Then there were the continous presentations in the Grand Hall: a total of three hours of tape works, repeated 3 times. Every day a block of new works. This part of the program suffered a lot from a lack of attention, as it wasn't announced very clearly, and obviously a lot of things were happening at the same time. Some memorable works:
* Martin Bedard / Check-point: interesting sounds, although the piece was too long
* Gilles Gobeil / Ombres, espaces, silences: interesting combinations of sounds, movement, drama - too long though
* Robert van Heumen / Fury: of course I can't not mention my own participation - it was good hearing it a couple of times, and I can already hear some improvements...

All in all a good conference.

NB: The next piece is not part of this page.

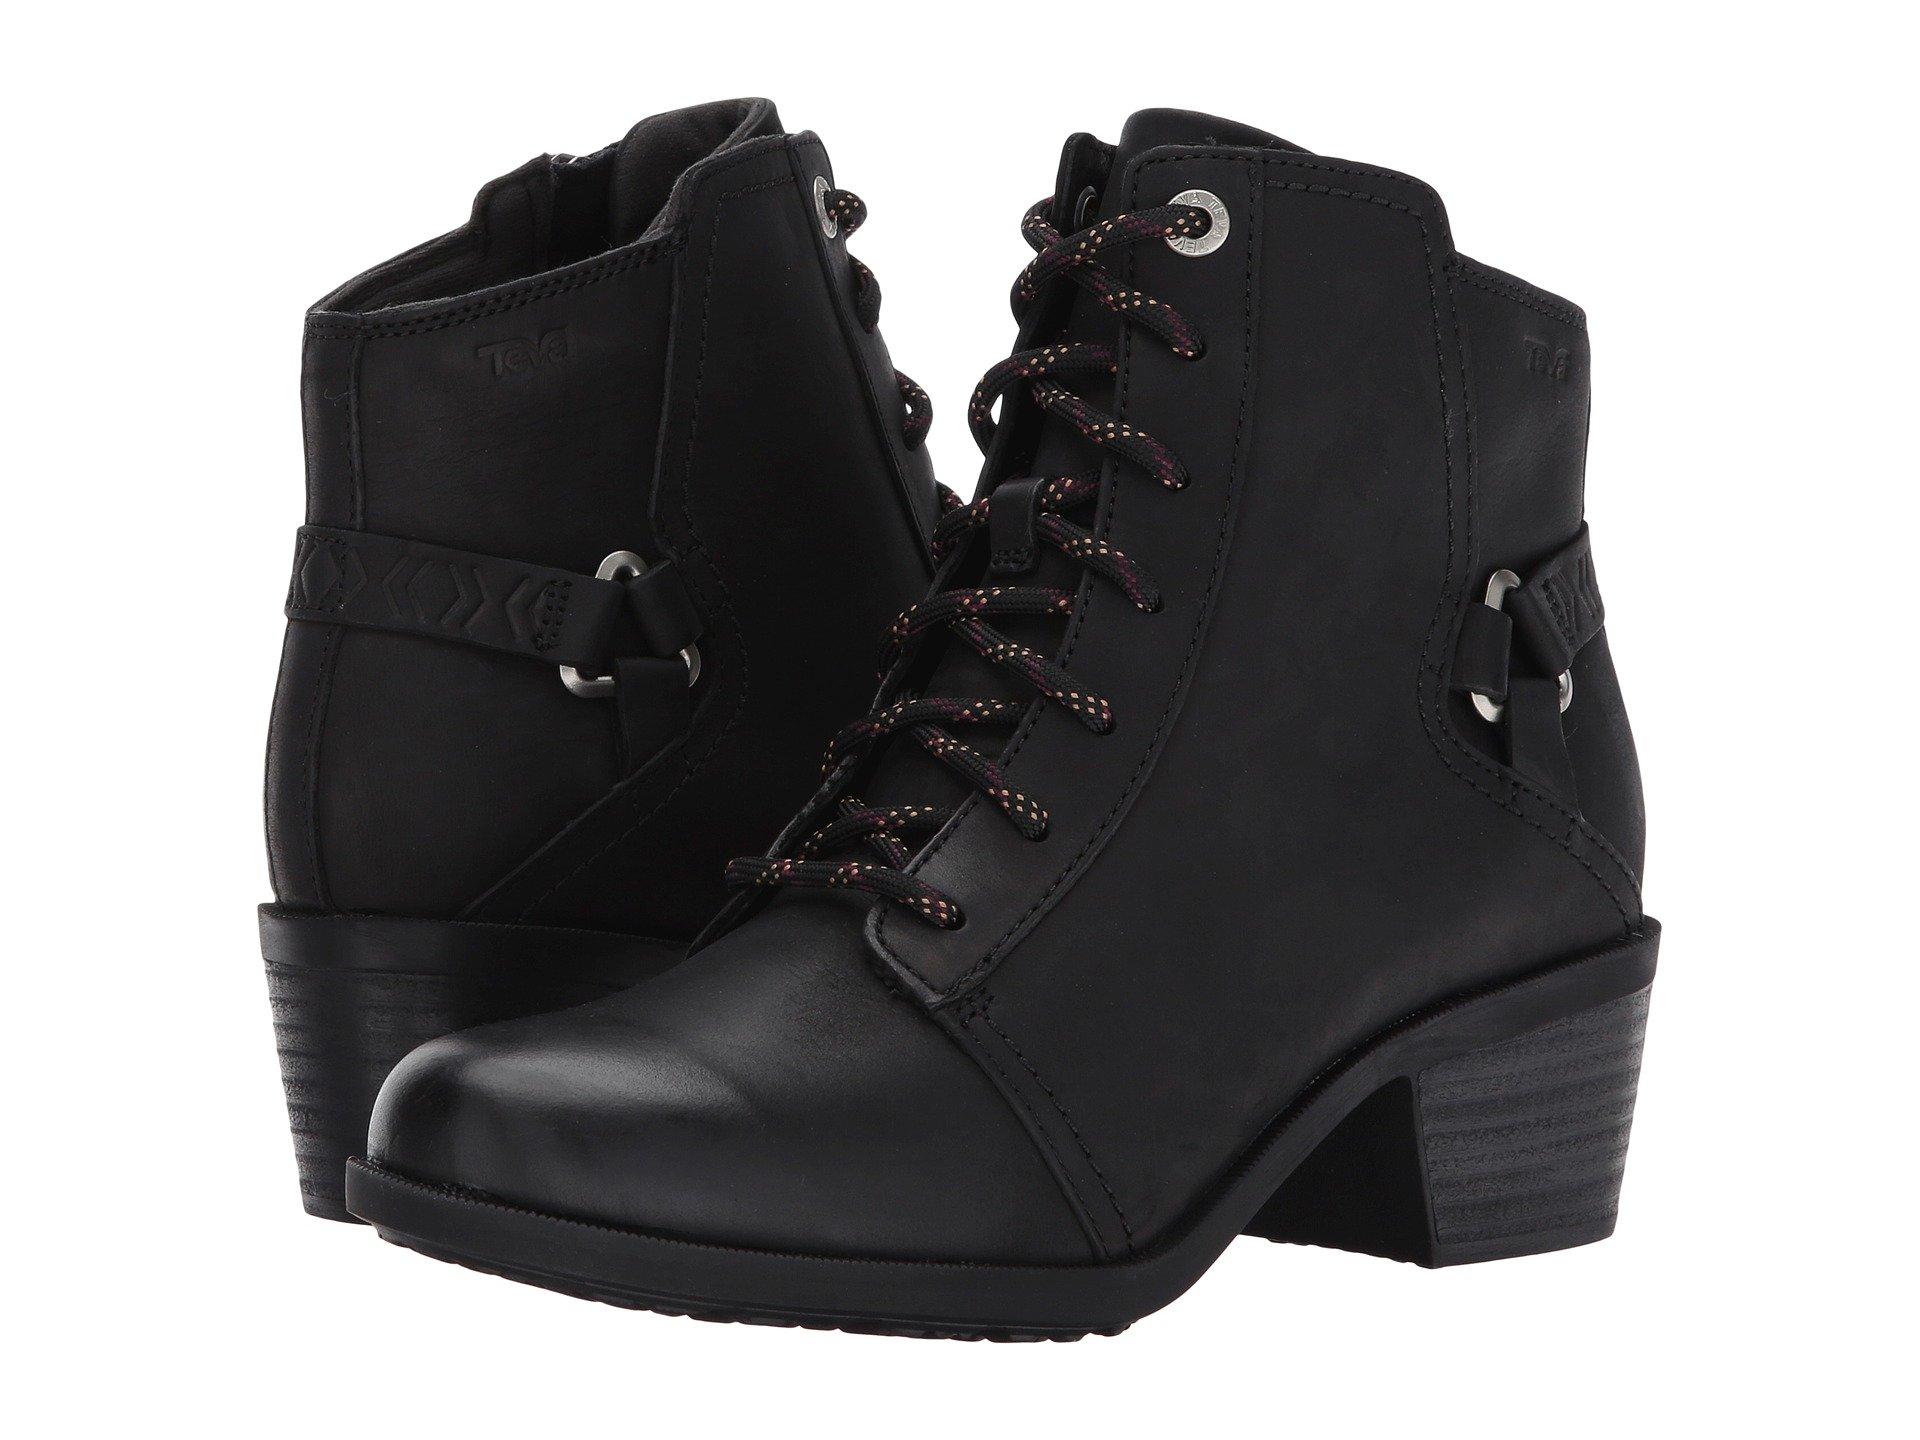 e48cbf987cd44 Women s Teva Boots + FREE SHIPPING

Lots of opportunities to meet people, and lots of music. Next year in Canada, McGill University.




August 13, 2008

Back to the cat

Back after 4 weeks of driving in beautful USA backcountry. From Washington DC through poor West Virginia, hills of Ohio, corn corn corn in Indiana & Illinois, the extended prairies and emptiness of Minesota, big sky South Dakota, beautiful Badlands & Black Hills, vulkanism in Yellowstone, through cowboy country Wyoming to Swiss Rocky Mountains, Colorado, Goosenecks State Park, sunrise between the red monoliths of Monument Valley, hiking down the Grand Canyon, climbing amazing but hot hot hot Zion Canyon, outer space Bryce, to mind boggling kitchy & corny Las Vegas to shopping LA.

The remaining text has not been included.